Видимо, здесь такие атрибуты не являлись некоей диковинкой.
Волошин прошел в приемную Берии. За столами сидели два офицера в форме МГБ. Вдоль стен на стульях расположились люди в ожидании приема: военные в высоких чинах и штатские. У всех напряженные позы, потухшие глаза и обреченно-отрешенные лица, бледные до синевы. А может, просто освещение такое неяркое было, – может, здесь всегда так. Никто не разговаривал – стояла тревожная тишина. Друг на друга никто не смотрел – все как сомнамбулы, уставились на дверь в кабинет Берии. В нее вызванные товарищи входили, а назад не выходили, что многих напрягало. Волошин знал, что там имеется другой выход, и не особо волновался. Его вообще в силу характера сложно было напрячь.
Периодически раздавался звонок. Один из офицеров вставал и заходил в кабинет. Вернувшись, он называл фамилию и широким жестом приглашал в гости к Лаврентию Павловичу. Когда дошла очередь до Волошина, он поднялся, сосредоточился и, сделав глубокий вздох, вошел в кабинет.
В торце длинного стола сидел человек в пенсне. Волошин отдал честь и представился.
– Подойдите ближе, товарищ майор, – услышал он вкрадчивый голос.
Волошин подошел и молча выложил на стол две магнитофонные пленки. Берия кивнул, пододвинул их к себе и убрал в ящик стола.
– Разрешите идти? – спросил Волошин.
– Идите, – сказал Берия. – Если понадобятся разъяснения, то я вас вызову.
Он указал на дверь позади себя и нажал кнопку звонка.

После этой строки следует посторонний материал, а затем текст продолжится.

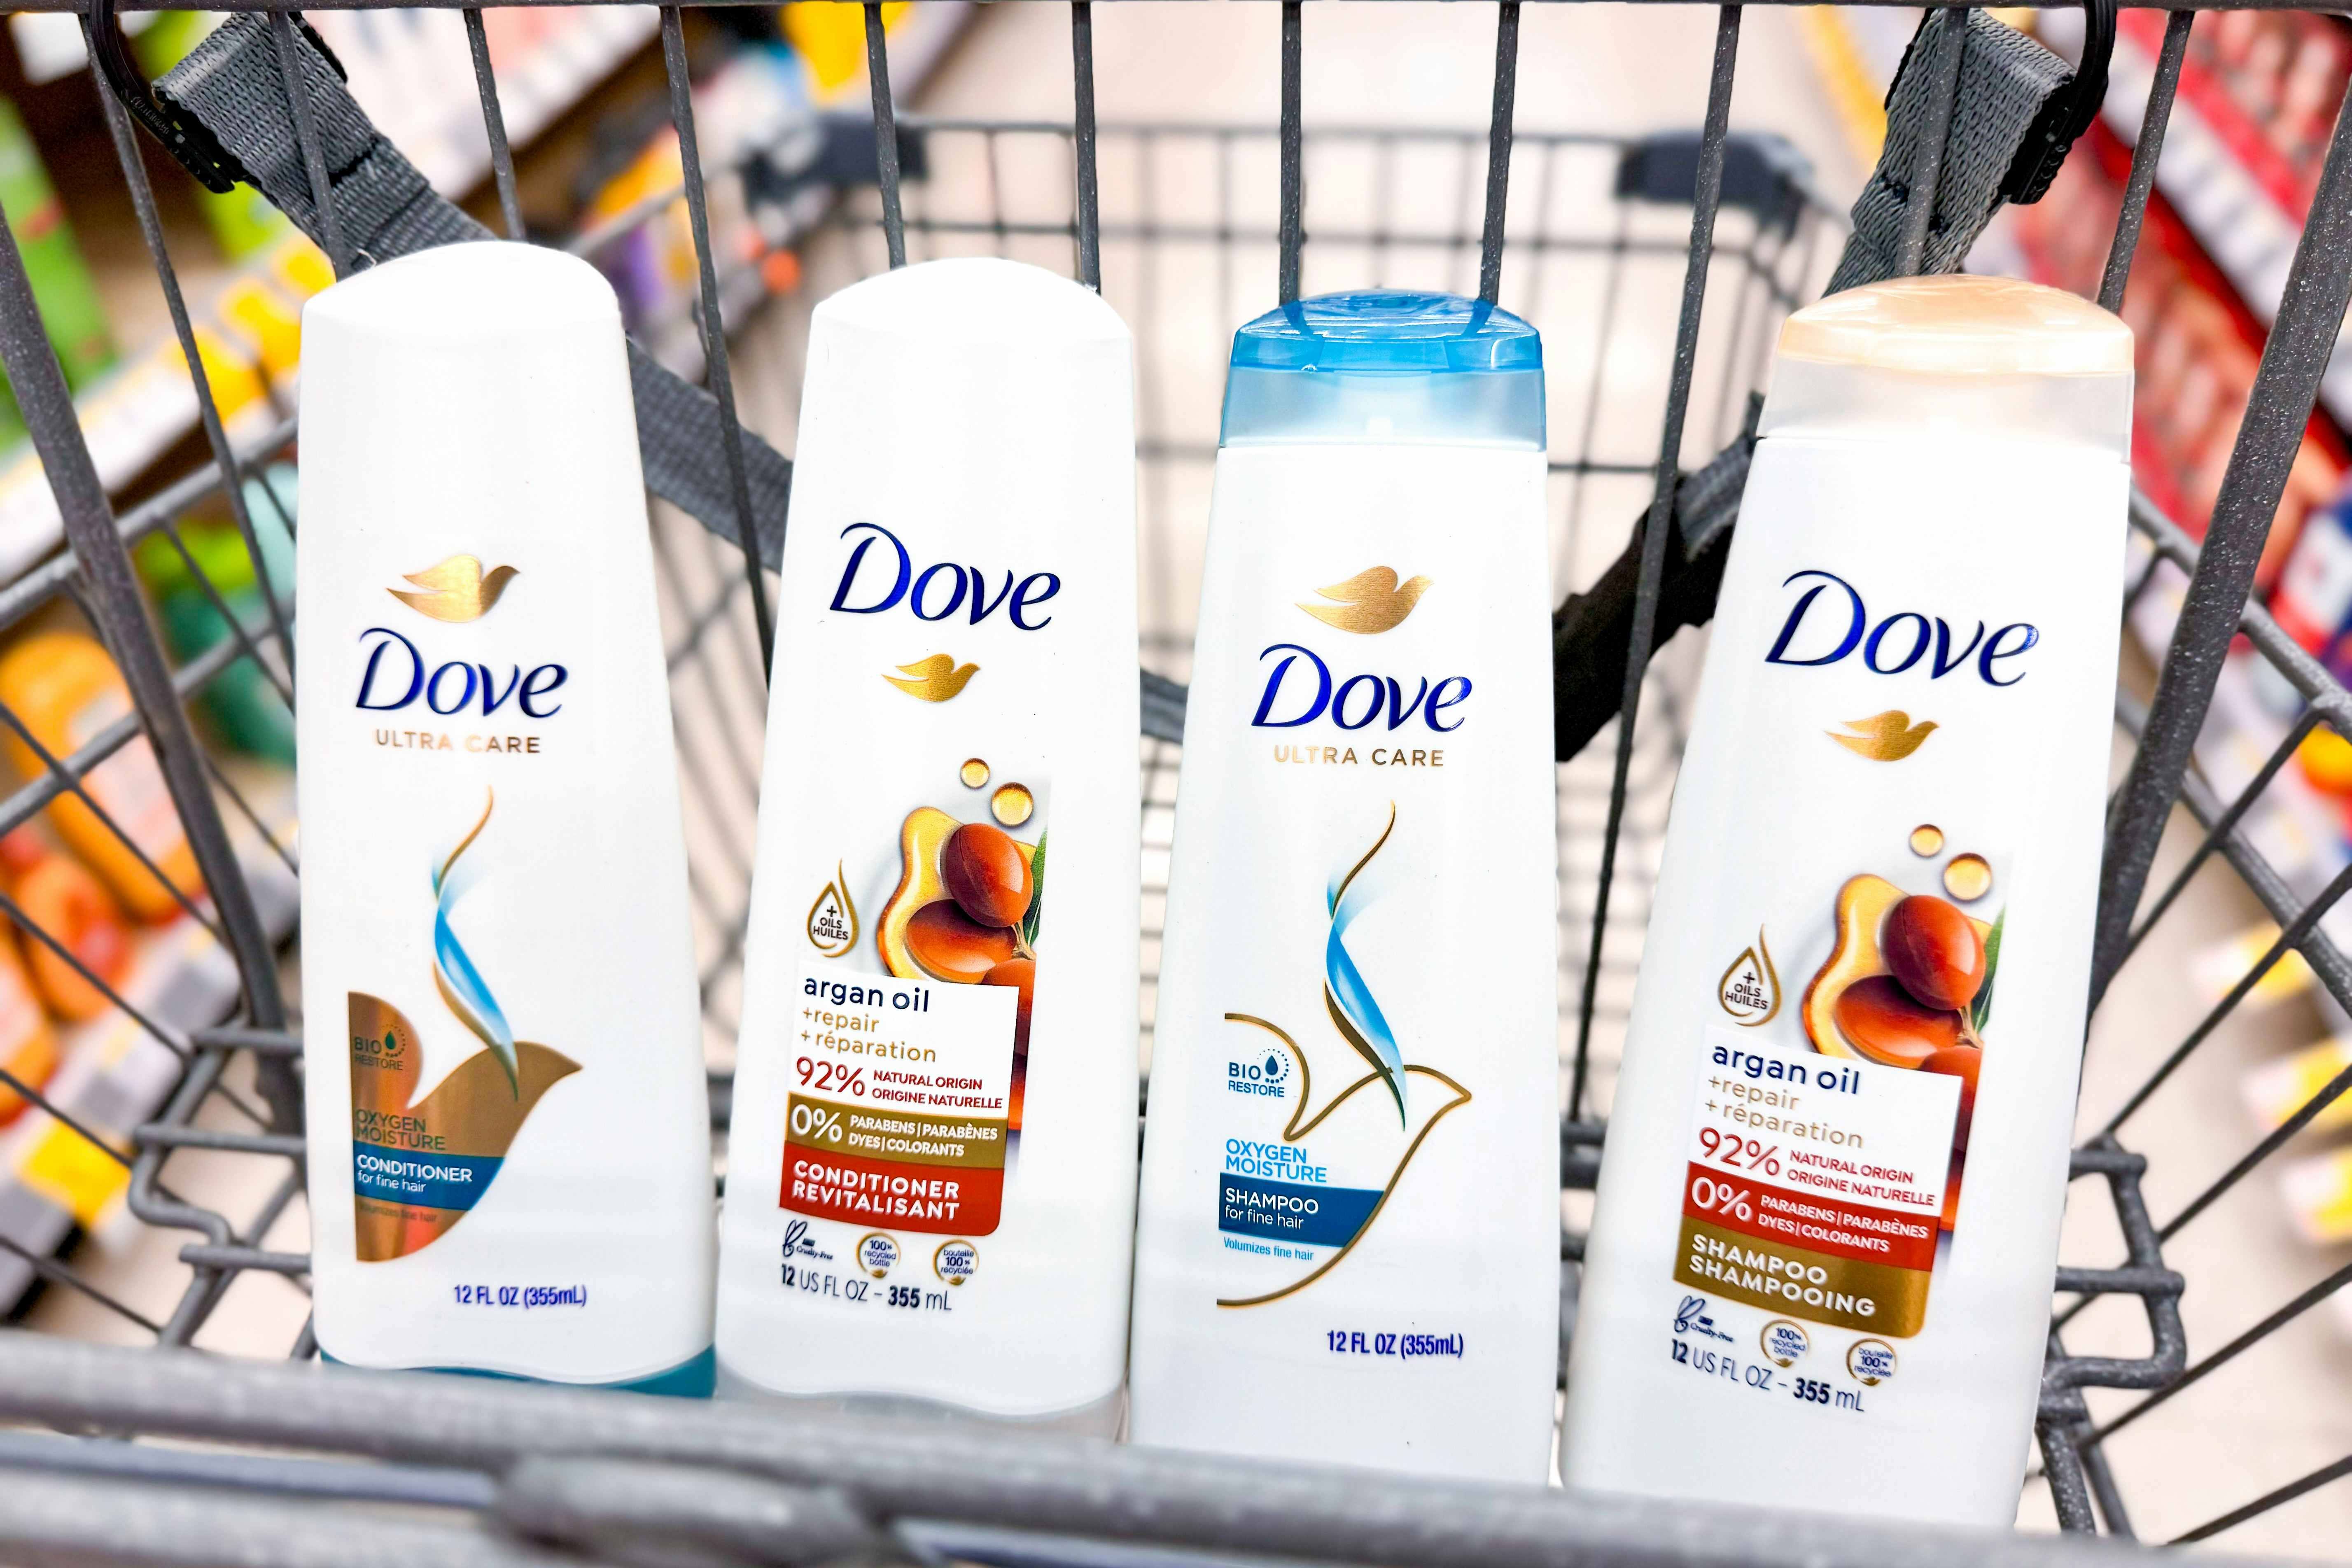 Free Dove Hair Care at Walgreens — Plus, Get $2 Back

Когда Волошин вышел на улицу, из серого неба сыпал мелкий дождь. Дворники сметали с асфальта желтые листья. Валерий потряс плечами, взбодрился и зашагал через площадь на улицу Двадцать пятого октября, бывшую Никольскую. Там он зашел в ресторан «Славянский базар» и заказал бутылку водки, жареную рыбу и соленые огурцы. Казалось, что с души у него свалился огромный камень и покатился куда-то вниз, в небытие. Ему было хорошо.
Эпилог
В одиночной камере Сухановской тюрьмы лежал на нарах мужчина. Нары на день не поднимали вопреки тюремным порядкам. Пускай хоть сутками лежит – ему недолго жить осталось.
Вячеслав Коган, который совсем недавно числился Когановым, и лежал, лежал и думал. Вывести из-под приговора его никто не мог – слишком на высоком уровне контролировали это дело. Вертухаи его кормили, выносили парашу, но отказывались разговаривать, а лишь коротко отвечали на необходимые вопросы. «Да», «нет». Нельзя разговаривать с врагом народа во избежание неприятностей.
Понятия «мораль» и «совесть» Коган не воспринимал с детства, как ему ни пытались внушить это старшие.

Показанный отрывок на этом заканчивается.